=== What to work on ===
Retype each line of the material exactly, please, skipping any picture in it.

=== Information supplied ===
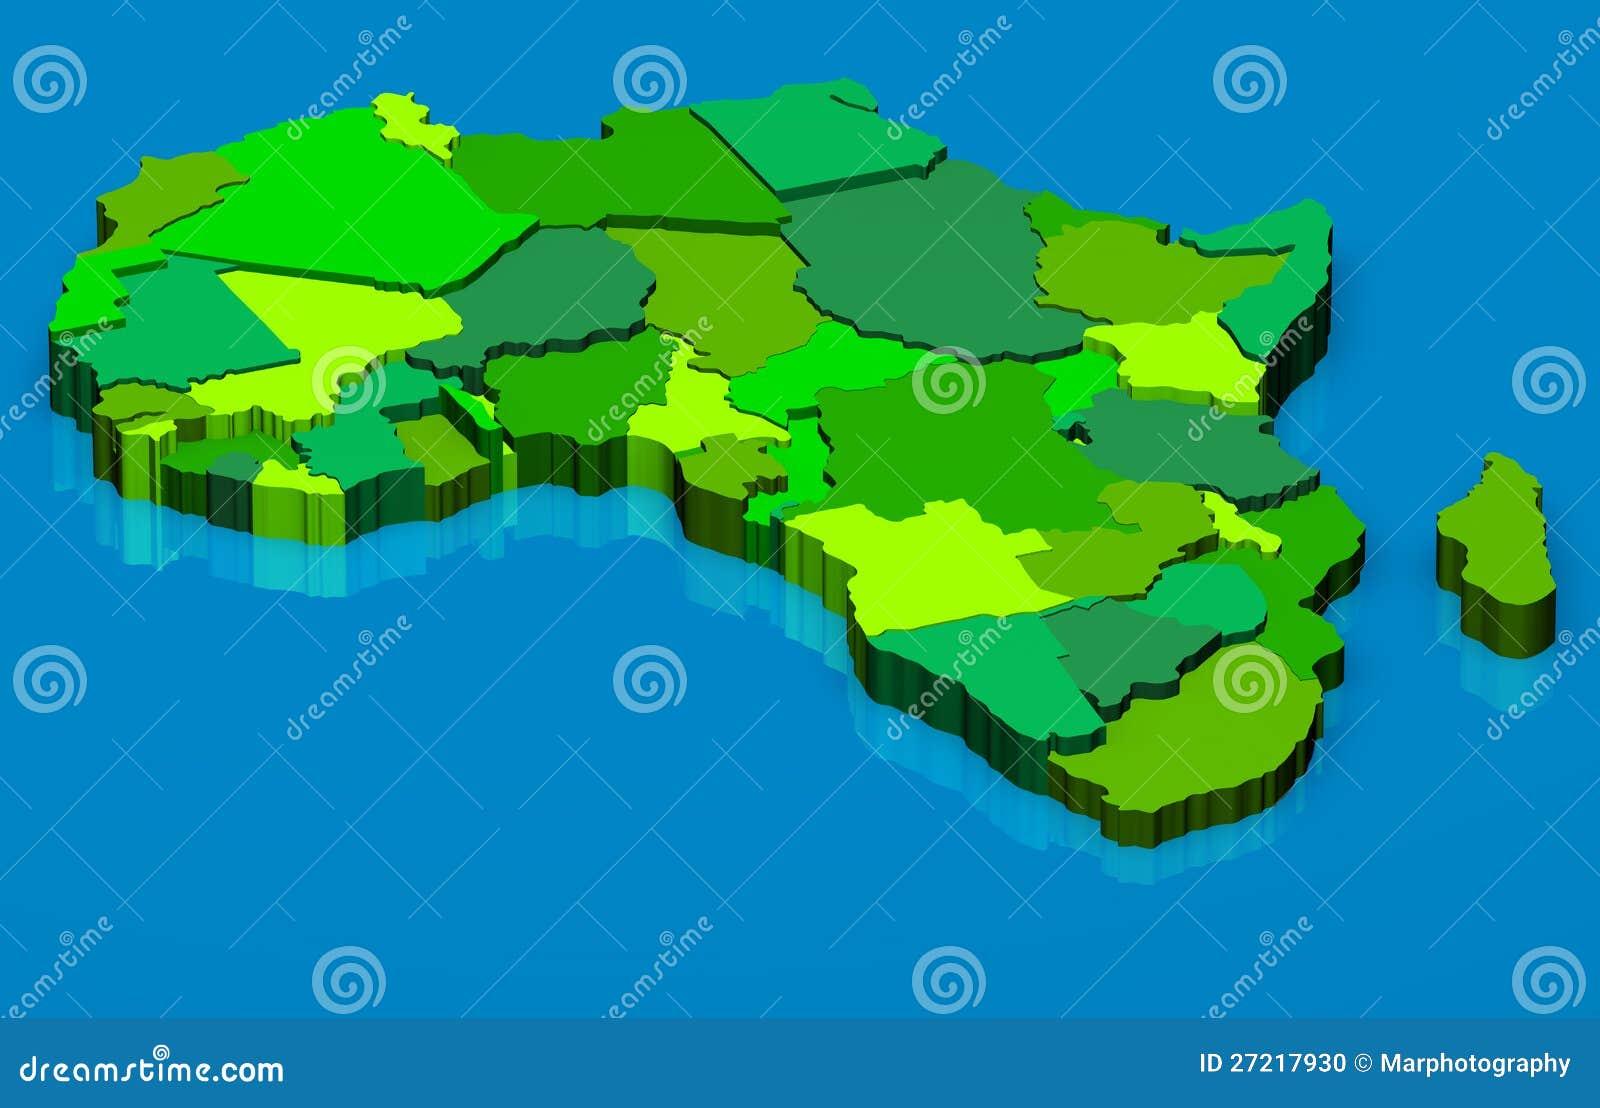 Political map of Africa 3D stock illustration. Illustration of
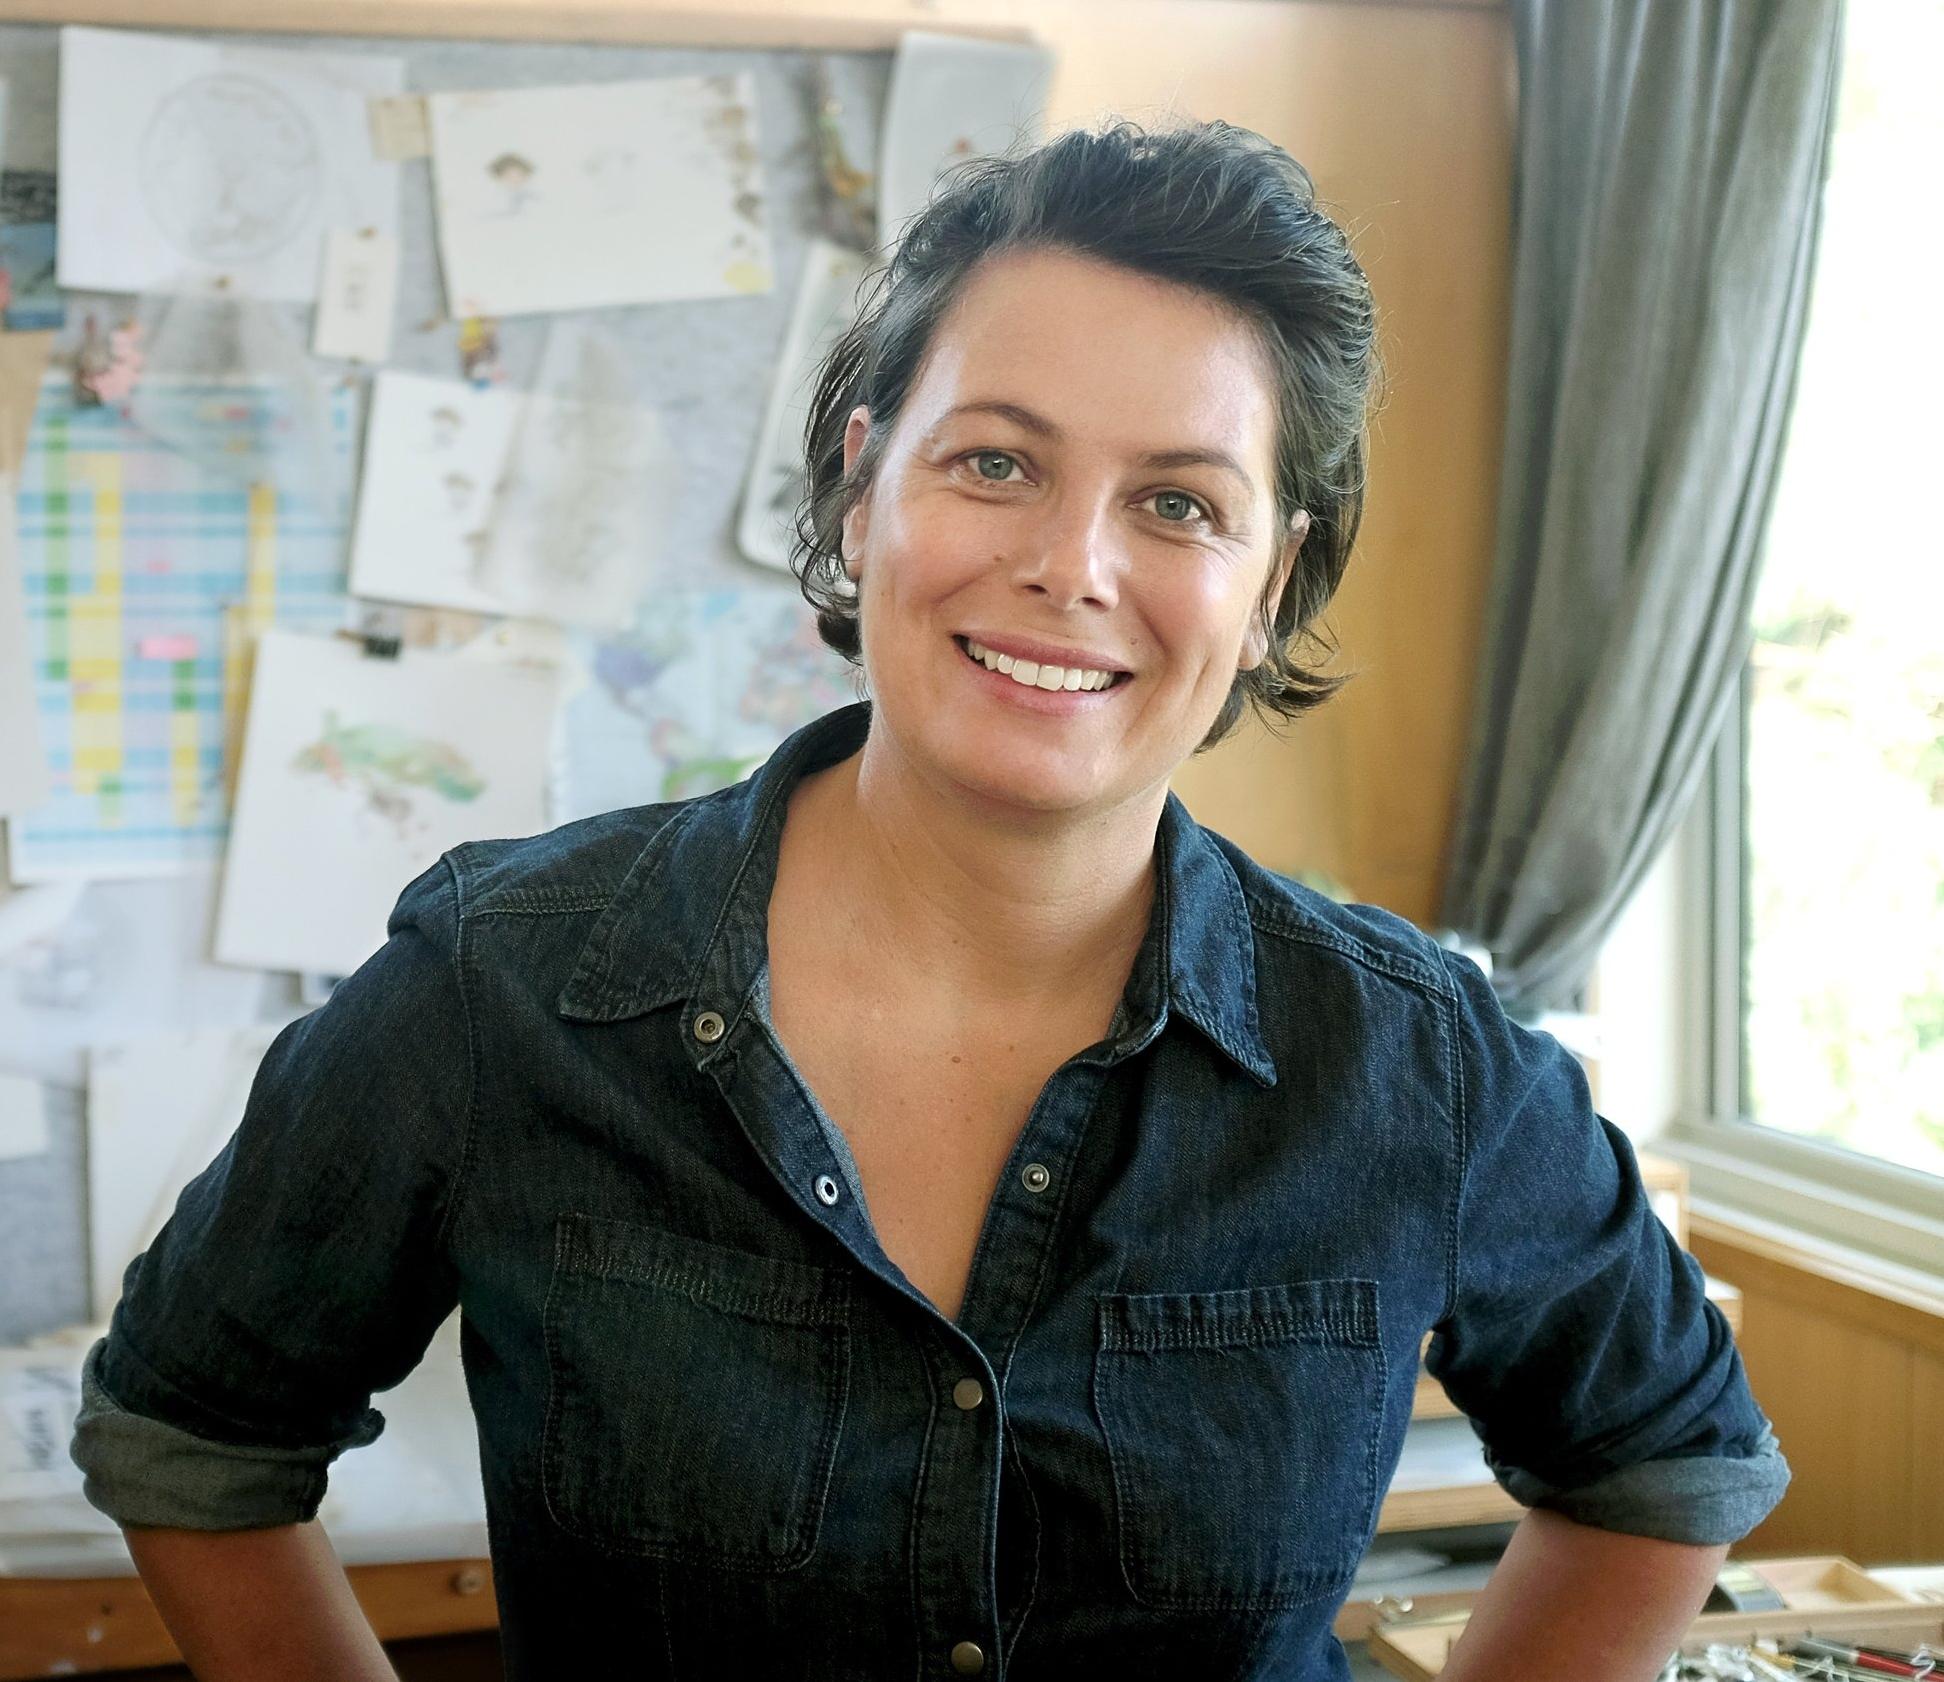 Jedda Robaard is an illustrator and writer of children's books -
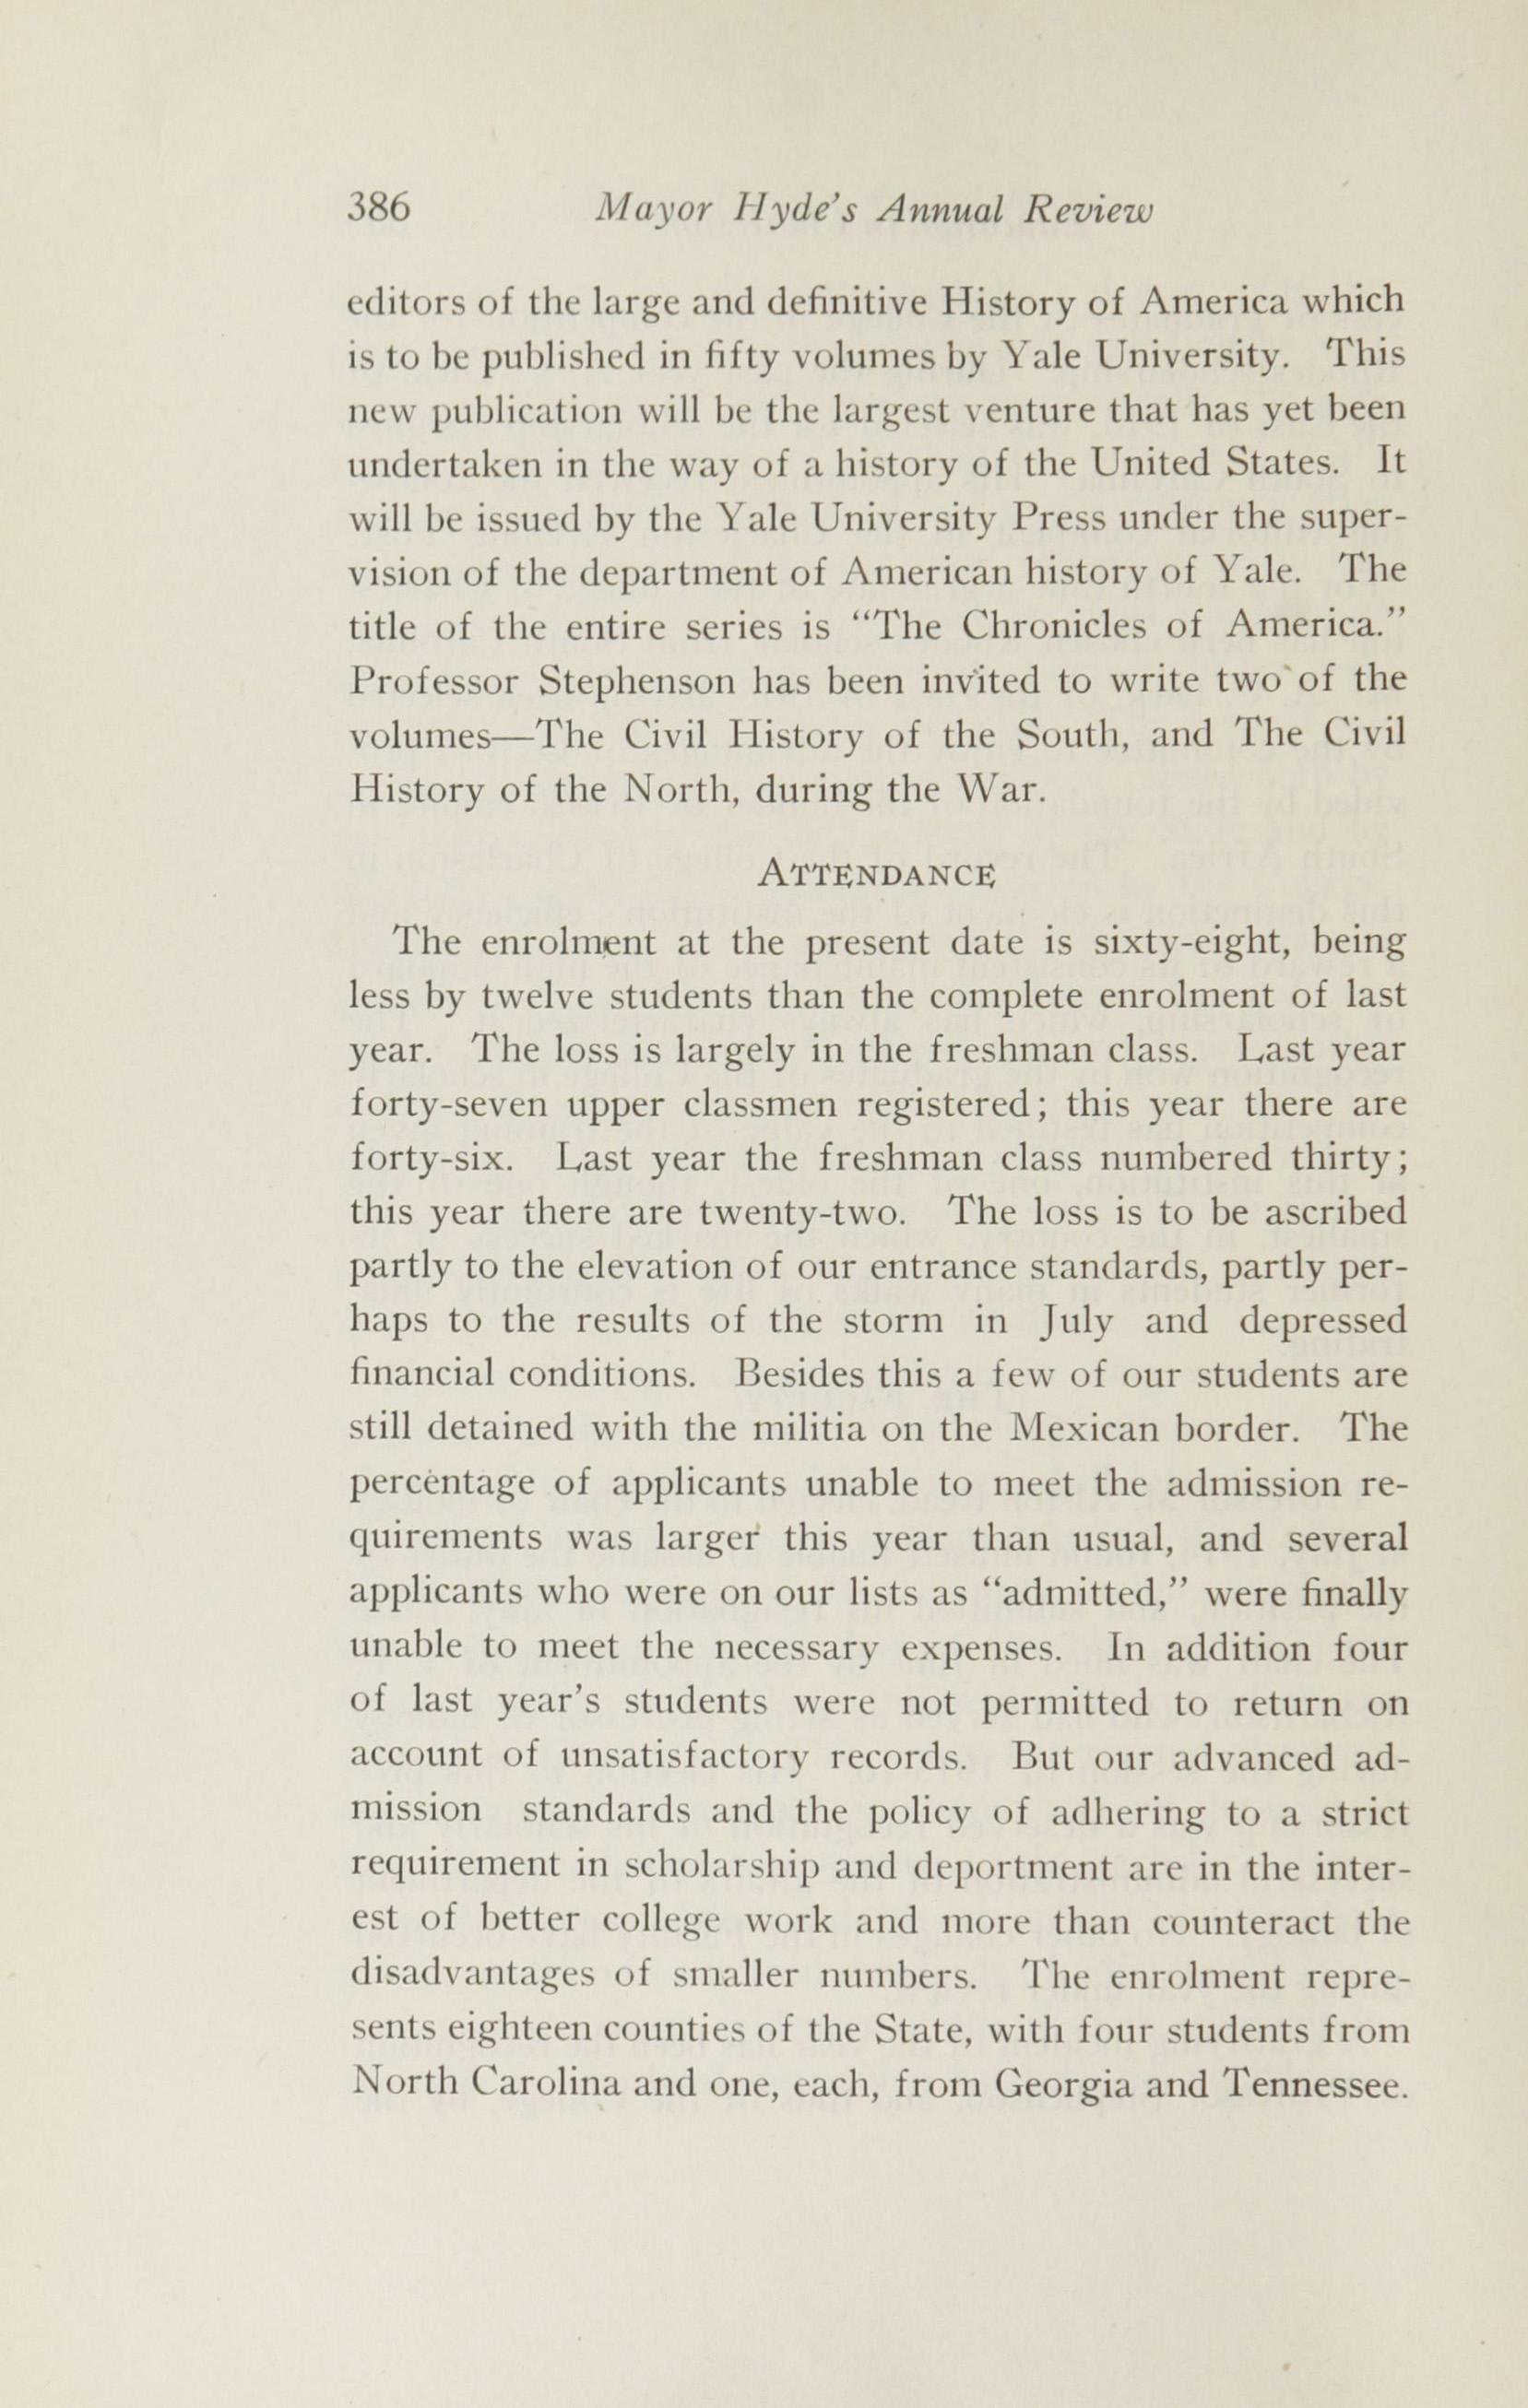 Charleston Yearbook, 1916, page 386

=== Solution below ===
 Political map of Africa 3D stock illustration. Illustration of
 Jedda Robaard is an illustrator and writer of children's books -
 Charleston Yearbook, 1916, page 386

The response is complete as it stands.